Explanation / Answer
a) If X(w) is fourier transform of x(t),
then,X(w)*exp(-jwa) is fourier transform of x(t-a).
Let Y(w) be the fourier transform of d(x(t))/dt .
Therefore Y(w) = lim a->0 *( X(w) - X(w)* exp(-jwa) ) / a.
Y(w) = X(w)*( 1- exp(-jwa) ) / a . -(1)
using taylor series expansion, exp(x) = 1 + x + x^2/2 ....... ;
thus, lim x-> 0 ,( 1-exp(x) ) = -x .
Using the same in equation (1),Y(w) = X(w) * -1*(-jwa) / a = X(w) * jw .
b) Here Y(w) =( X(w)* exp(-jw(-a)) - X(w) )/a (fourier transform of x(t+a ) is X(w)*exp(-jw*(-a))
= X(w) * (exp(jwa)-1)/a = X(w)*jw .
c) since sin(a*t) is differential of -cos(a*t) / a ,therefore
fourier( sin(a*t) ) = -(1/a)*jw*pi*(delta(w+a) + delta(w-a) )

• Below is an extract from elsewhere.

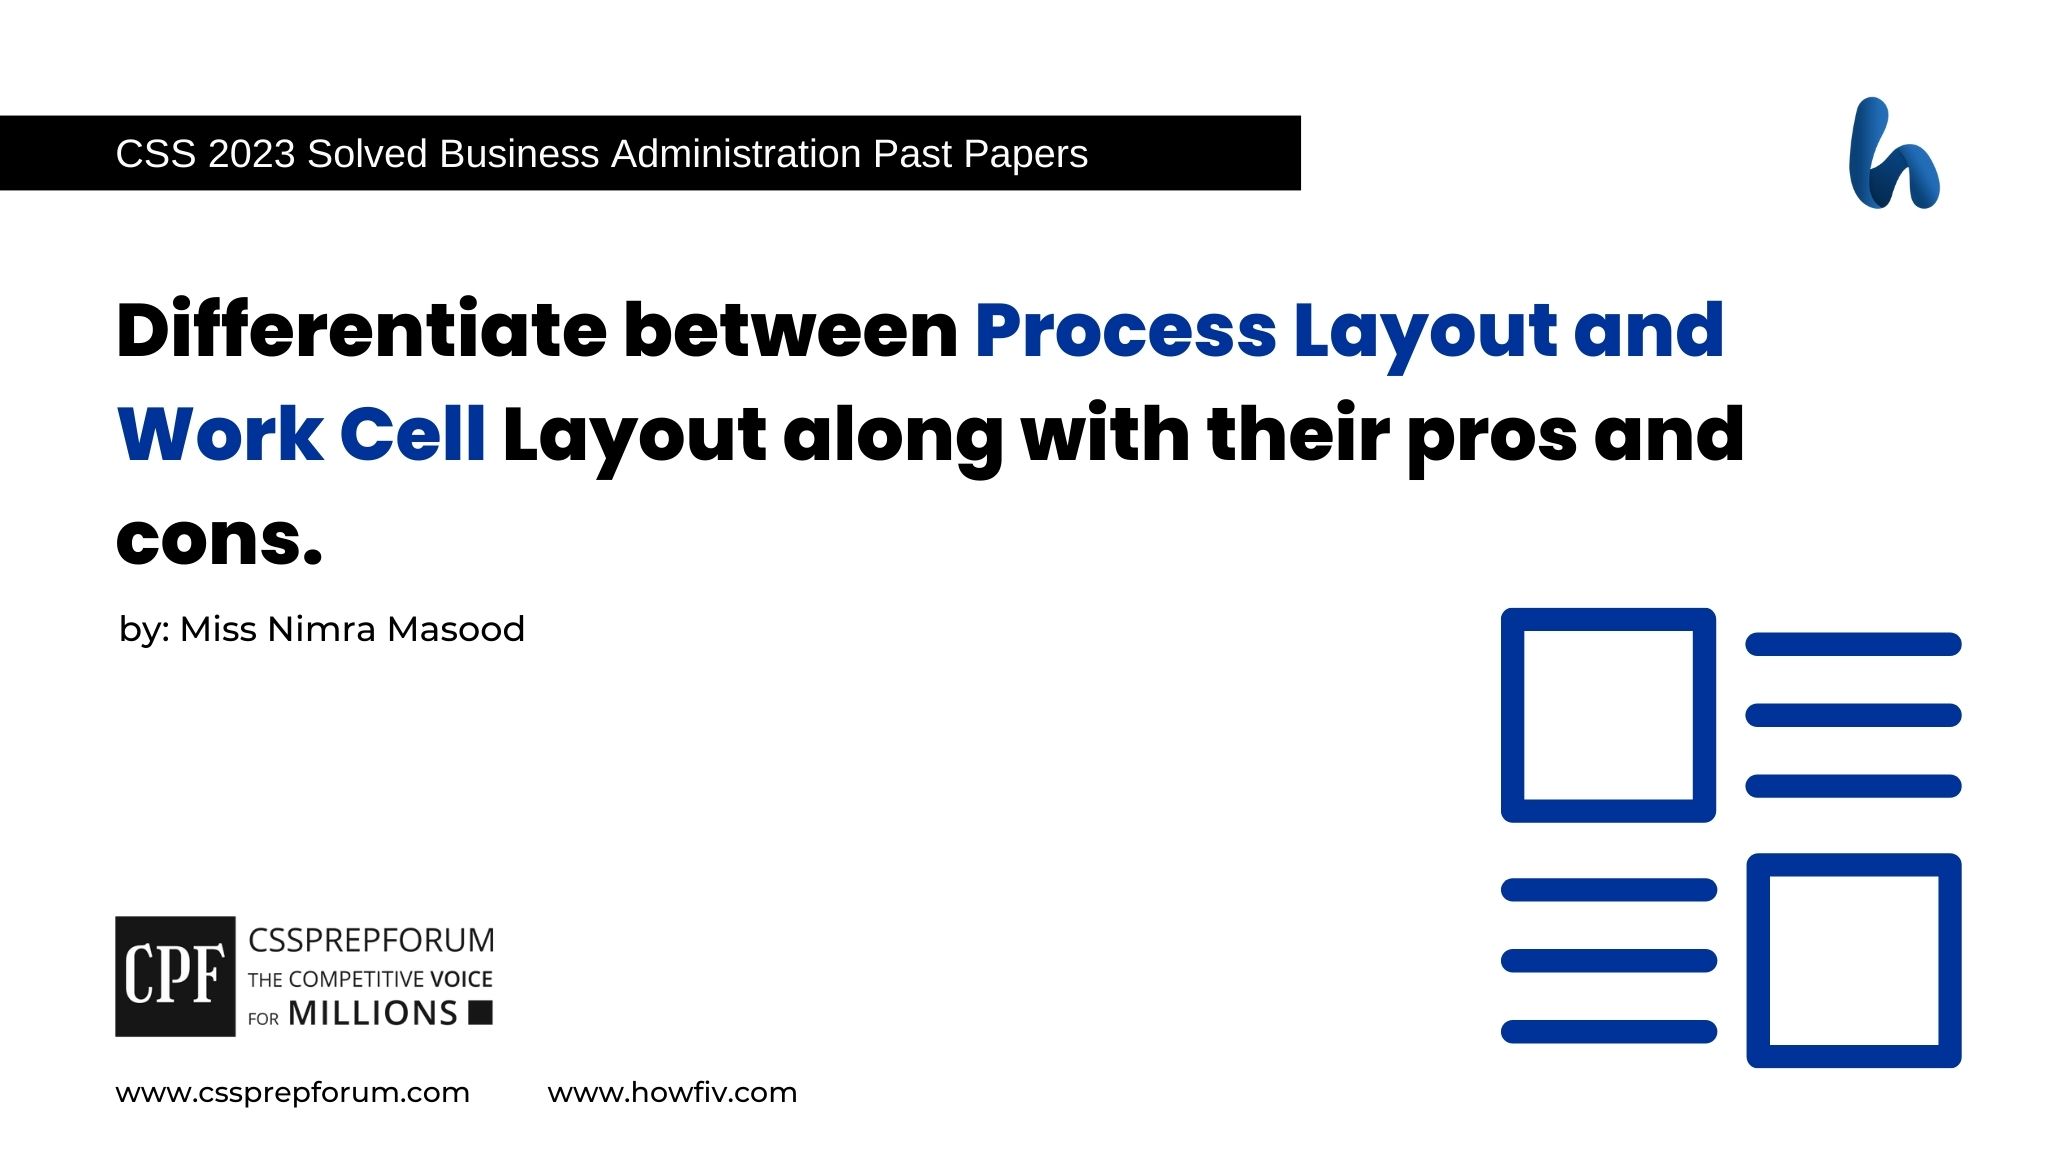 Differentiate between Process Layout and Work Cell Layout along with their pros and cons.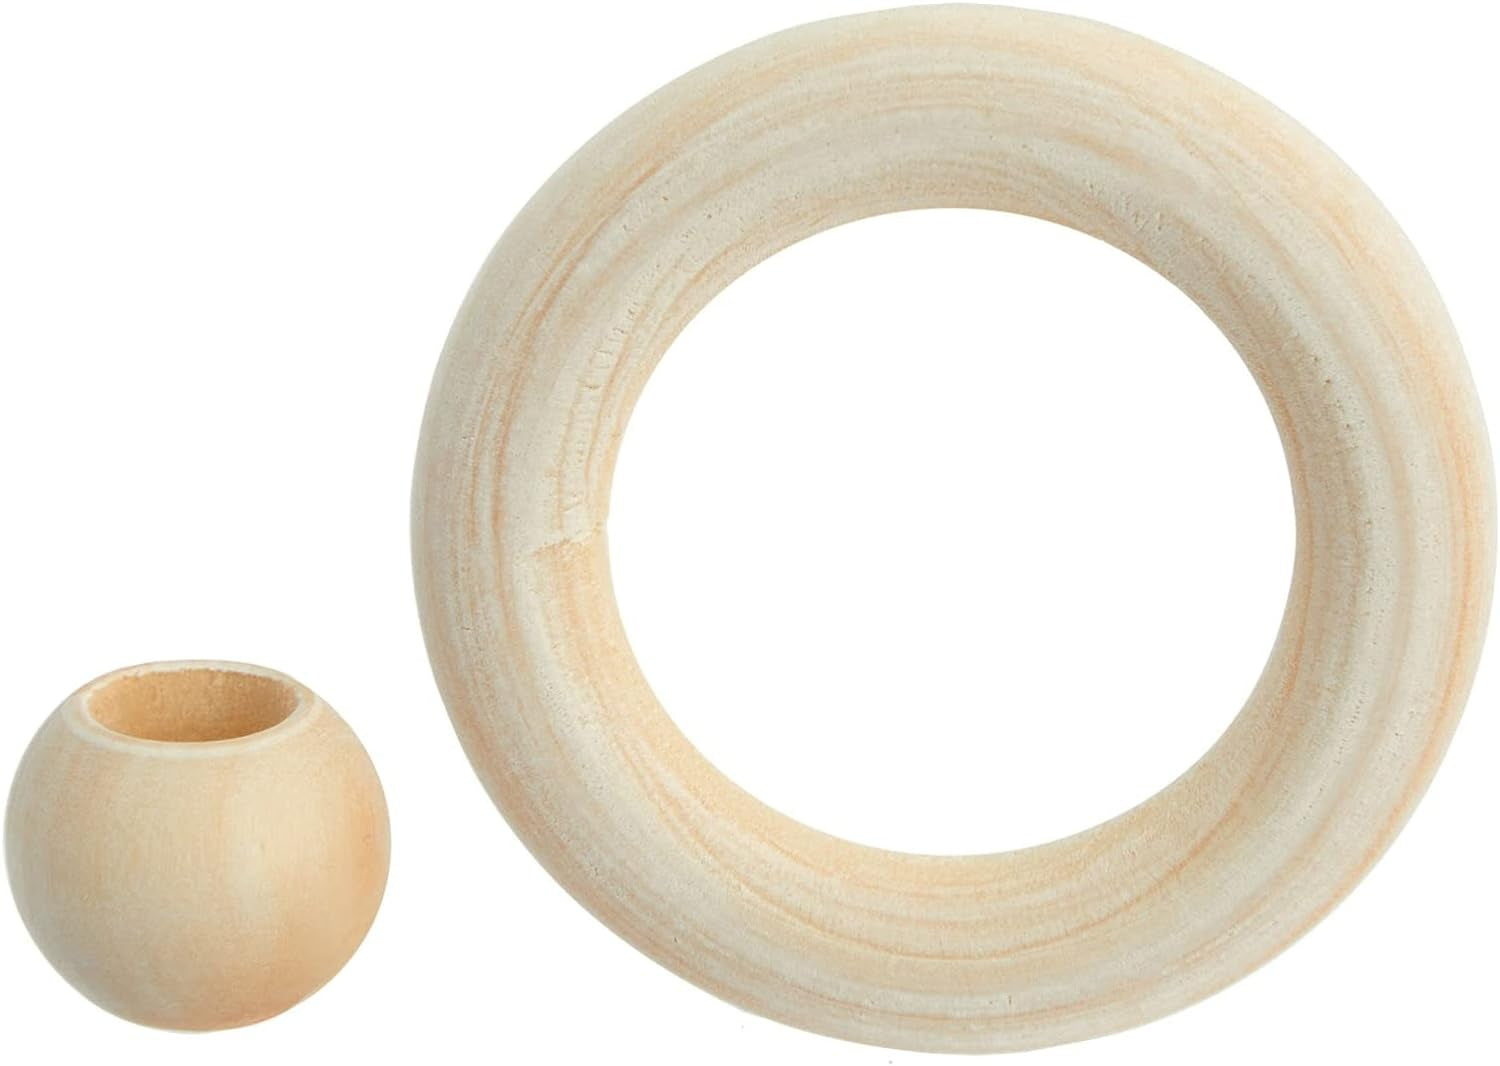 Set of 50 Wooden Beads and 30 Wood Rings for Macrame, DIY Pendant Connectors, Wall Hanging Craft (Rings 2.2 In/Beads 20Mm)

= - (1/a)*pi*j*(w*delta(w+a) + w*delta(w-a))
w*delta(w-a) = a*delta(w-a) and w*delta(w+a) = -a*delta(w+a) (this is due to the fact that delta(w-a) is only non zero at a)
thus fourier( sin(a*t) ) = j*pi*(delta(w+a) - delta(w-a) )